– Она просто дура и ничего про нас с тобой не понимает.
– Это точно, – не стала спорить я. – Дура и есть. И всегда была, по большому счету, но ведь жен друзей не выбираешь, верно? Слушай, а как там вообще все наши? Как твоя Милка, еще работает?
– Мила работает, хотя сама работа поменялась. Я же теперь перешел в большой холдинг, строительный. Под правительством Москвы, – тихонько пояснил он, пригнувшись. – Повезло, просто случайно встретил старого друга, мы с ним еще в институте вместе учились, только он вылетел и в армию ушел. А теперь он – большой человек там! – тут он возвел глаза к шелковому потолку. – И ему нужны свои люди.
– Зато теперь у него есть ты, – улыбнулась я. – А у тебя – «Мерседес».
– Да. И нашими экскаваторами теперь пол-Москвы копает.

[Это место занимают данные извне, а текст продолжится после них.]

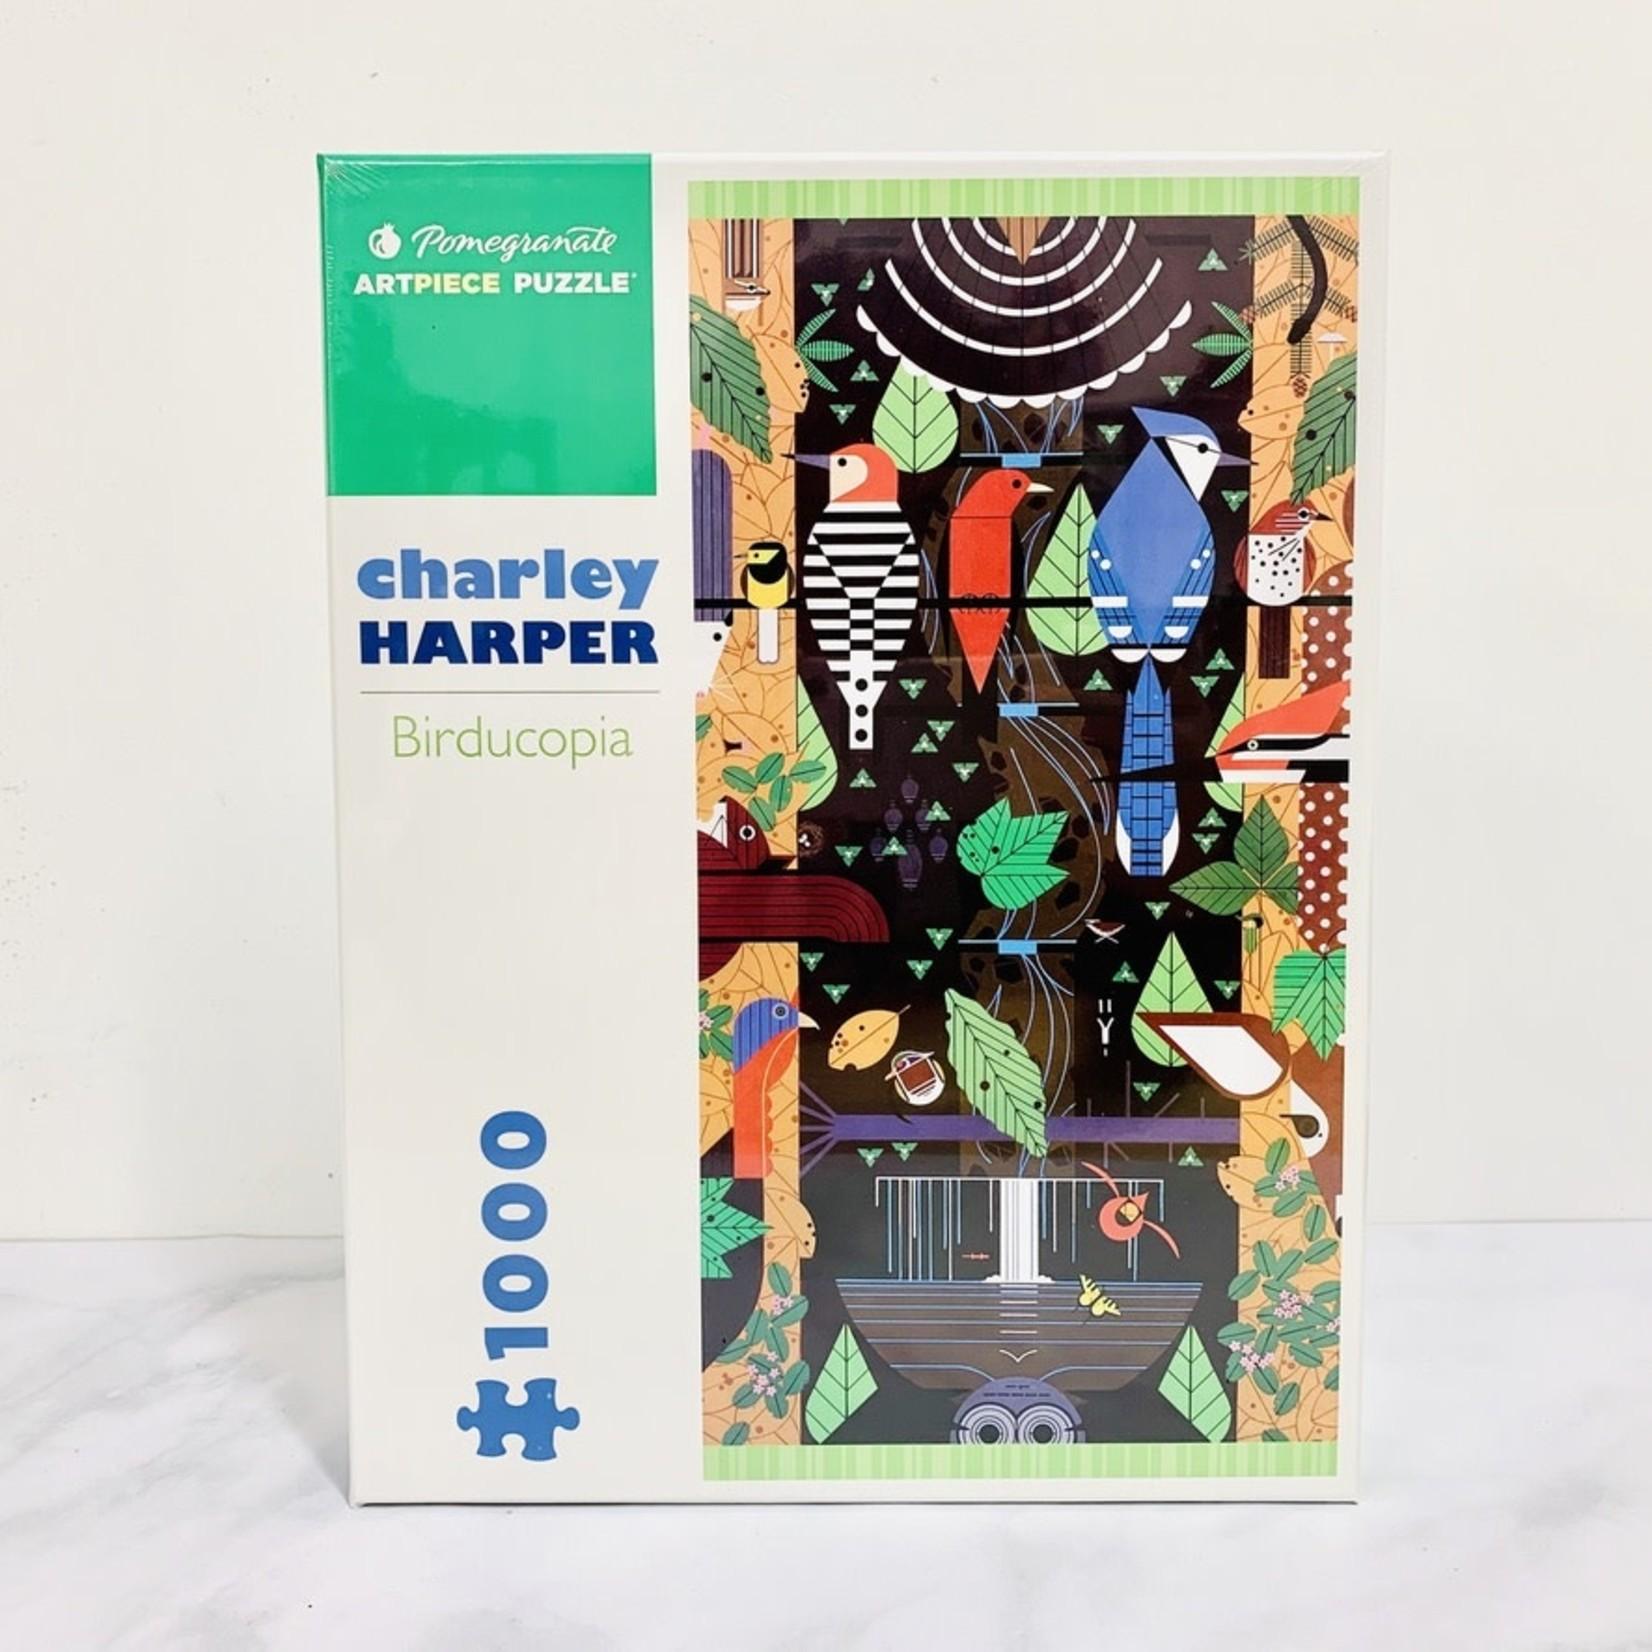 Charley Harper: Birducopia 1000-pc Puzzle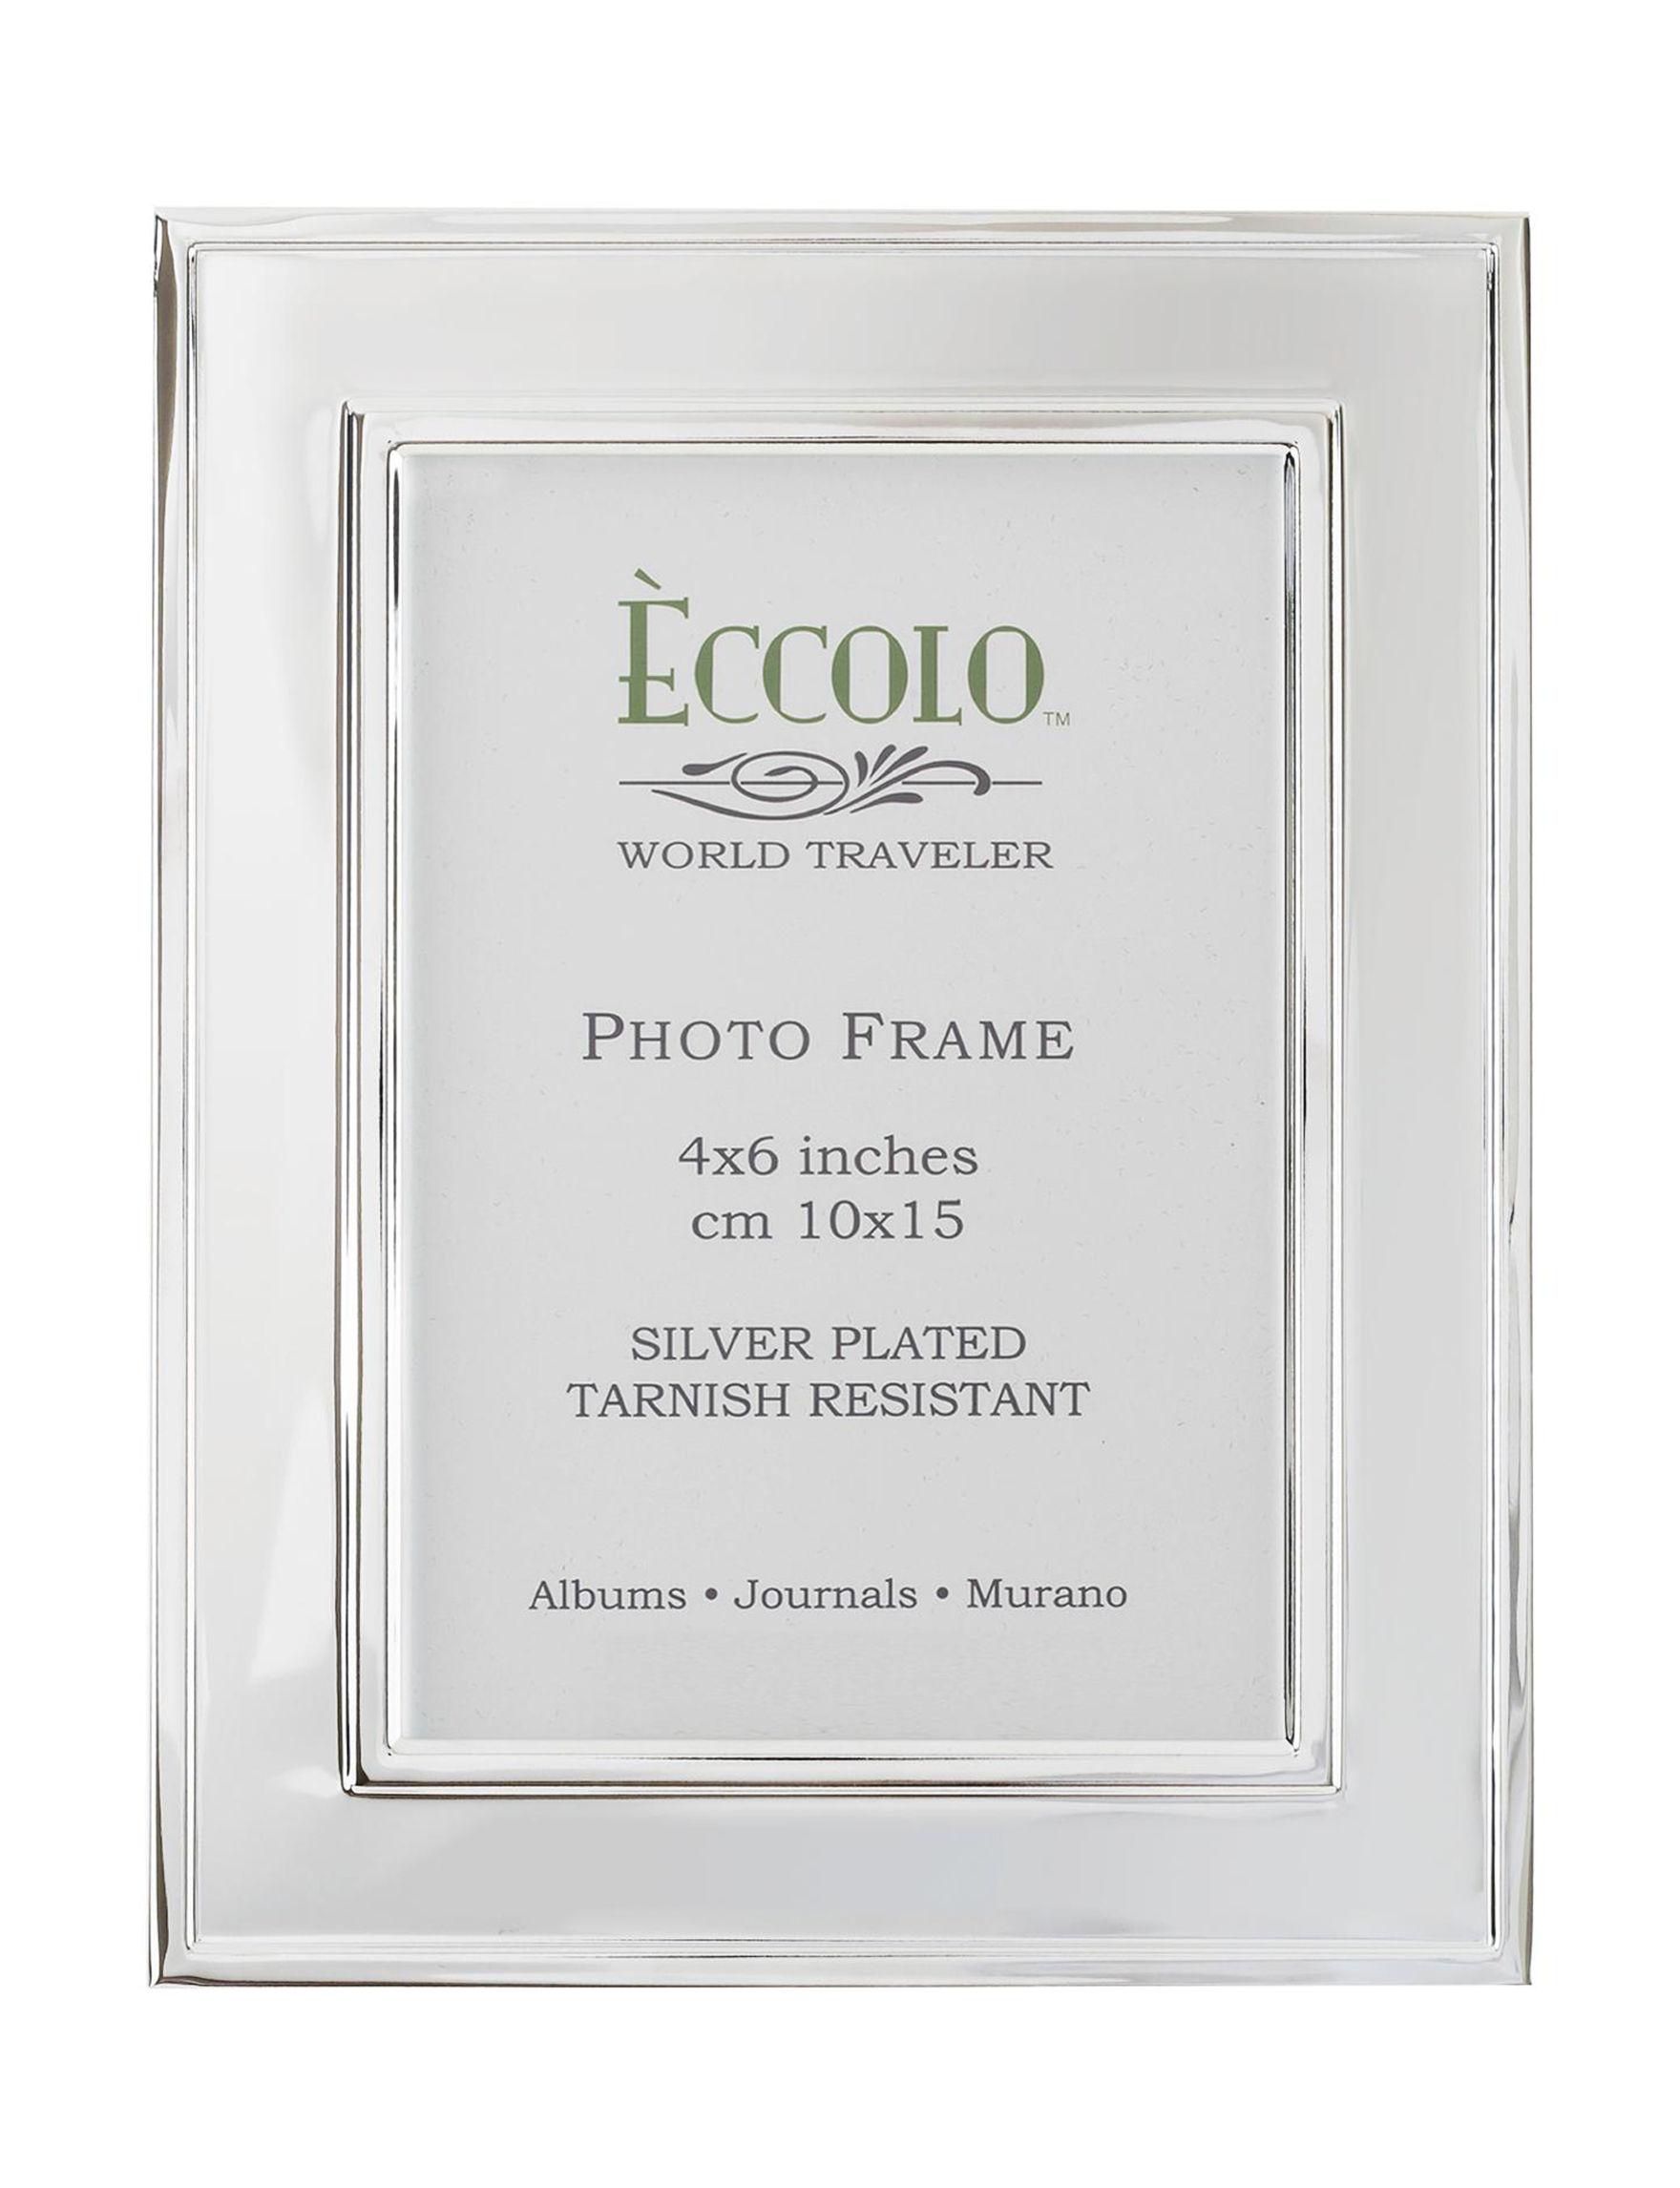 Eccolo Silver Frames & Shadow Boxes Home Accents

– Супер, – кивнула я. – Наши все небось в восторге. Знаешь, это было самое странное в нашем с тобой разводе: львиная часть моей жизни – друзья, вечеринки, дни рождения, шашлыки – исчезла в один миг. Как будто ты сложил их всех в чемодан и забрал с собой. Это, пожалуй, было самым трудным, вот так остаться совершенно одной.
– Да, тебе всегда был дорог кто угодно, но только не я, – горько усмехнулся он.
– Это не так, – нахмурилась я, хотя это и было именно так.
– Я очень сожалею, что Виноградова наговорила тебе всю эту чушь. Я хотел, чтобы ты знала – я так не считаю.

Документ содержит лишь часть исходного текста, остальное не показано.